• WHAT IS EXPECTED
Find the line with "Prime Video logo" in the entries below, then reproduce it and every line after it down to and including the line with "Pantalón deportivo de", exactly.

[[ AVAILABLE DATA open ]]

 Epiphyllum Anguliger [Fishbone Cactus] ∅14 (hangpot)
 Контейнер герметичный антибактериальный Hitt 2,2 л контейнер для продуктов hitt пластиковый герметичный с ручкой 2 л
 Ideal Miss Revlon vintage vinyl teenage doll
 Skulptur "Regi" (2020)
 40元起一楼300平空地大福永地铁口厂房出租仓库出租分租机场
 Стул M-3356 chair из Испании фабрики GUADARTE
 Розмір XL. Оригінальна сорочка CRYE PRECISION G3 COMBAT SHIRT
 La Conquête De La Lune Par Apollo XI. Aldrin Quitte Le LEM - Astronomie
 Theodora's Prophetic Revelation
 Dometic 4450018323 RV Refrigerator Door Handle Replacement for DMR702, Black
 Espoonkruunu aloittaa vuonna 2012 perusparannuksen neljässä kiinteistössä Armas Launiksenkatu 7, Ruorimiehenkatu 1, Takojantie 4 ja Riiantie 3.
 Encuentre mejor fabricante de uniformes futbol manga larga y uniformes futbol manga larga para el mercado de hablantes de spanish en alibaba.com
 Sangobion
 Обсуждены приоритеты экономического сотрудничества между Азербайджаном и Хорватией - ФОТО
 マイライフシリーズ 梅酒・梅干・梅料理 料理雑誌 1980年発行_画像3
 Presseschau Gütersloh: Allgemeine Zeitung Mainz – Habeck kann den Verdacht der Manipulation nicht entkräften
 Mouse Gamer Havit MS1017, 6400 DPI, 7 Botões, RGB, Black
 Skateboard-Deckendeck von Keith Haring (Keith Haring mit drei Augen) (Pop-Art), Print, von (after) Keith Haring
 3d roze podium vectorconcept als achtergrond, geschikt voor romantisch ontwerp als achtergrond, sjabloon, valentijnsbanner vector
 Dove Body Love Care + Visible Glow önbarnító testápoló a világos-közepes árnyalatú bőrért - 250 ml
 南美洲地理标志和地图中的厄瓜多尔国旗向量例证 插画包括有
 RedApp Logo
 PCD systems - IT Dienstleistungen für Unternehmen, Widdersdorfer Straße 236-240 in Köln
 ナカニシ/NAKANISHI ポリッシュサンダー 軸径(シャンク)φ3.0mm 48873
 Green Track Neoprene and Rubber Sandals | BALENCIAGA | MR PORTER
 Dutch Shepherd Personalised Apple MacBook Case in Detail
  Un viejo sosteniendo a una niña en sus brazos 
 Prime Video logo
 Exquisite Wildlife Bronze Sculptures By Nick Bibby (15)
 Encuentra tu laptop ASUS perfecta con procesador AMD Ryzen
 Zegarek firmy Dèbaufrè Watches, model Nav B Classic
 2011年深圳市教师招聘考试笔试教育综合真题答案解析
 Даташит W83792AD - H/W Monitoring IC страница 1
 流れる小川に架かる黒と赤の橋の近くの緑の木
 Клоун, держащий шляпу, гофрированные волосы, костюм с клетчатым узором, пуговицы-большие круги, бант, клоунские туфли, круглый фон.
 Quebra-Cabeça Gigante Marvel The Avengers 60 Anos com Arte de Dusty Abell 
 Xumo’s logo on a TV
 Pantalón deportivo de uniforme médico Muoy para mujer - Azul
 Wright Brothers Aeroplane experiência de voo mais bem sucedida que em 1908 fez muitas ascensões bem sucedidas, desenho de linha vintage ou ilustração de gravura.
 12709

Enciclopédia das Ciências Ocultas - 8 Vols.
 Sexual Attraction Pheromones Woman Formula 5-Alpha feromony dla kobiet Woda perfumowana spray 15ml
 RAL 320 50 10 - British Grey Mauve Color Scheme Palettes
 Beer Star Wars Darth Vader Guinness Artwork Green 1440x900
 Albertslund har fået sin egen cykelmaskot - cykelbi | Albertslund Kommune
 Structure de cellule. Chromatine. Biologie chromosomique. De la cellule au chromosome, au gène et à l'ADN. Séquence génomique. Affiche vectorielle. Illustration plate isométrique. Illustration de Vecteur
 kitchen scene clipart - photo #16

[[ AVAILABLE DATA closed ]]

• EXERCISE OUTPUT
 Prime Video logo
 Exquisite Wildlife Bronze Sculptures By Nick Bibby (15)
 Encuentra tu laptop ASUS perfecta con procesador AMD Ryzen
 Zegarek firmy Dèbaufrè Watches, model Nav B Classic
 2011年深圳市教师招聘考试笔试教育综合真题答案解析
 Даташит W83792AD - H/W Monitoring IC страница 1
 流れる小川に架かる黒と赤の橋の近くの緑の木
 Клоун, держащий шляпу, гофрированные волосы, костюм с клетчатым узором, пуговицы-большие круги, бант, клоунские туфли, круглый фон.
 Quebra-Cabeça Gigante Marvel The Avengers 60 Anos com Arte de Dusty Abell 
 Xumo’s logo on a TV
 Pantalón deportivo de uniforme médico Muoy para mujer - Azul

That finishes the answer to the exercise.